Appellee sued appellant K & L Contractors, Inc., and its employee, Robert Lundquist, for slander. K & L is a construction company which was involved in the construction of a water line for a municipality. The plaintiff, an employee of the General Water Works Corporation, had the duty of inspecting the progress of the water line and the quality of its construction for his employer. Following a discussion between Lundquist and appellee about an alleged construction defect, Lundquist returned to his office and reported to officers of K & L that appellee had solicited a bribe to overlook the defect. 1 Carl Kelly, an officer of K & L, corroborated the discussion between Lundquist and the other officers of the corporation. Kelly further testified that he reported the alleged bribe offer to appellee's employer and the record reflects that following Kelly's report, appellee was discharged. 2

When the words published concerning a person tend to degrade him, bring him into ill repute, destroy confidence in his integrity, or cause like injury, such language is actionable per se. Montgomery v. Knox, 23 Fla. 595, 3 So. 211 (1887); Stewart v. Codrington, 55 Fla. 327, 45 So. 809 (1908). Malice is an essential element of slander and may be presumed by the actionable per se nature of the alleged publication. Where, however, a qualified privilege exists, the plaintiff must prove express malice or malice in fact in order to recover. Abraham v. Baldwin, 52 Fla. 151, 42 So. 591 (1906); Axelrod v. Califano, 357 So.2d 1048 (Fla.1st DCA 1978).

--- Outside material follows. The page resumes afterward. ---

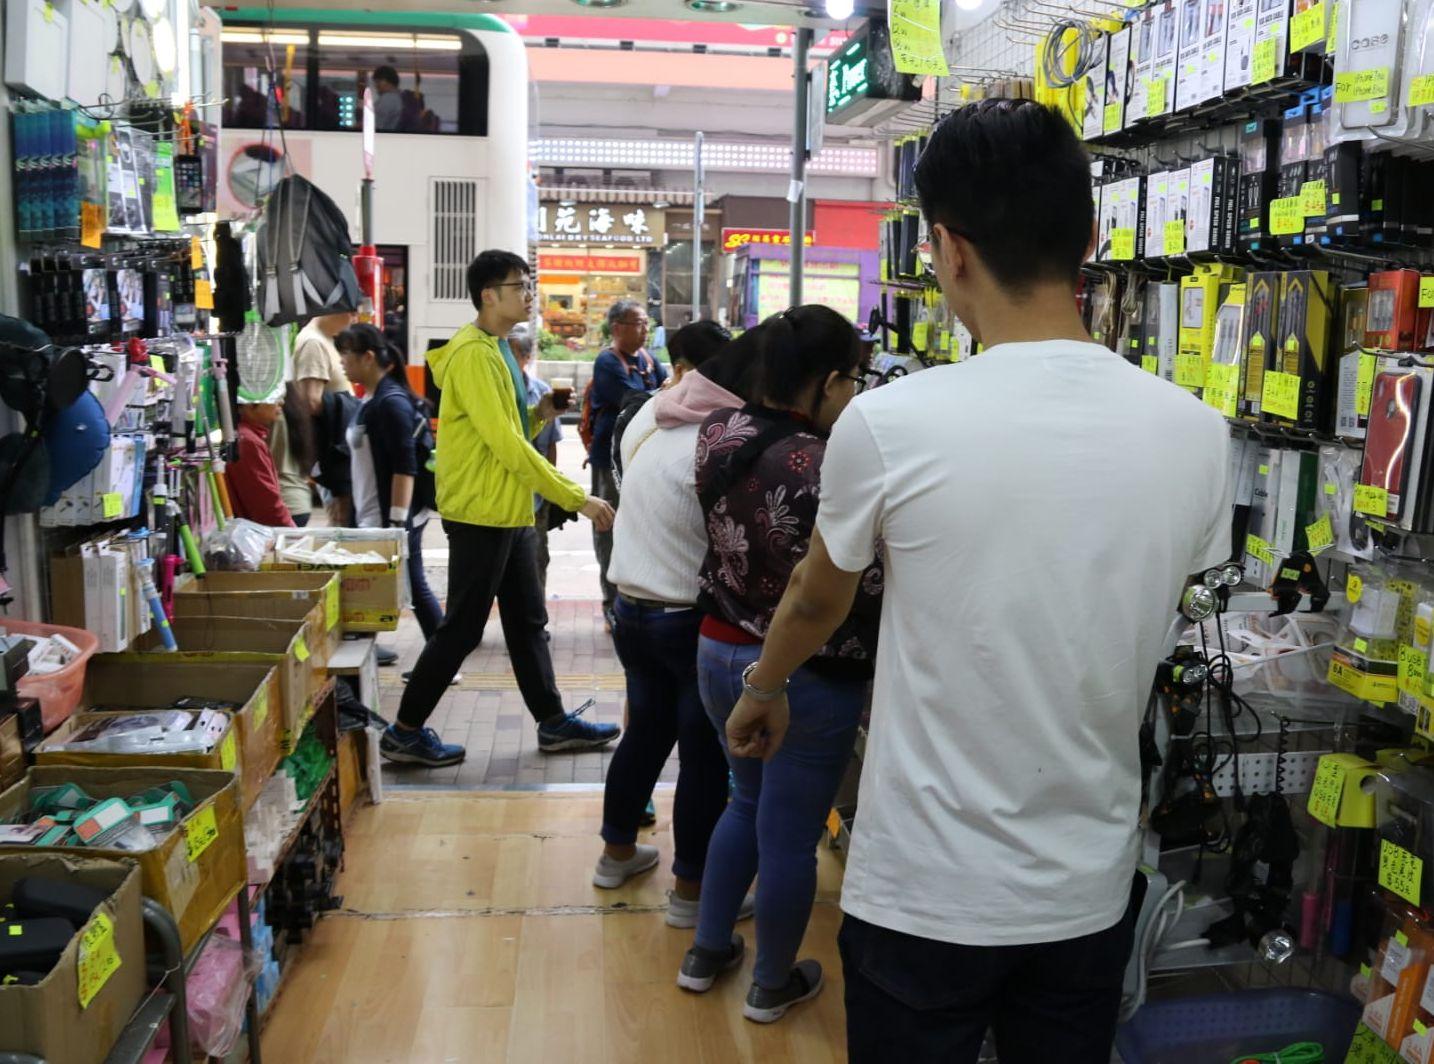 在事發時,7至8名途人隨即走進一間手機配件零售店內避難。

The crux of the appellants' argument on appeal centers around the existence of a "conditionally privileged publication." This privilege, also known as a "qualified business privilege" or "qualified privilege," is discussed in 19 Fla.Jur.2d Defamation and Privacy § 58 (1979), as follows: "a communication made in good faith on any subject matter by one having an interest therein, or in reference to which he has a duty, is privileged if made to a person having a corresponding interest or duty, even though it contains matter which would otherwise be actionable, and though the duty is not a legal one, but only a moral or social obligation."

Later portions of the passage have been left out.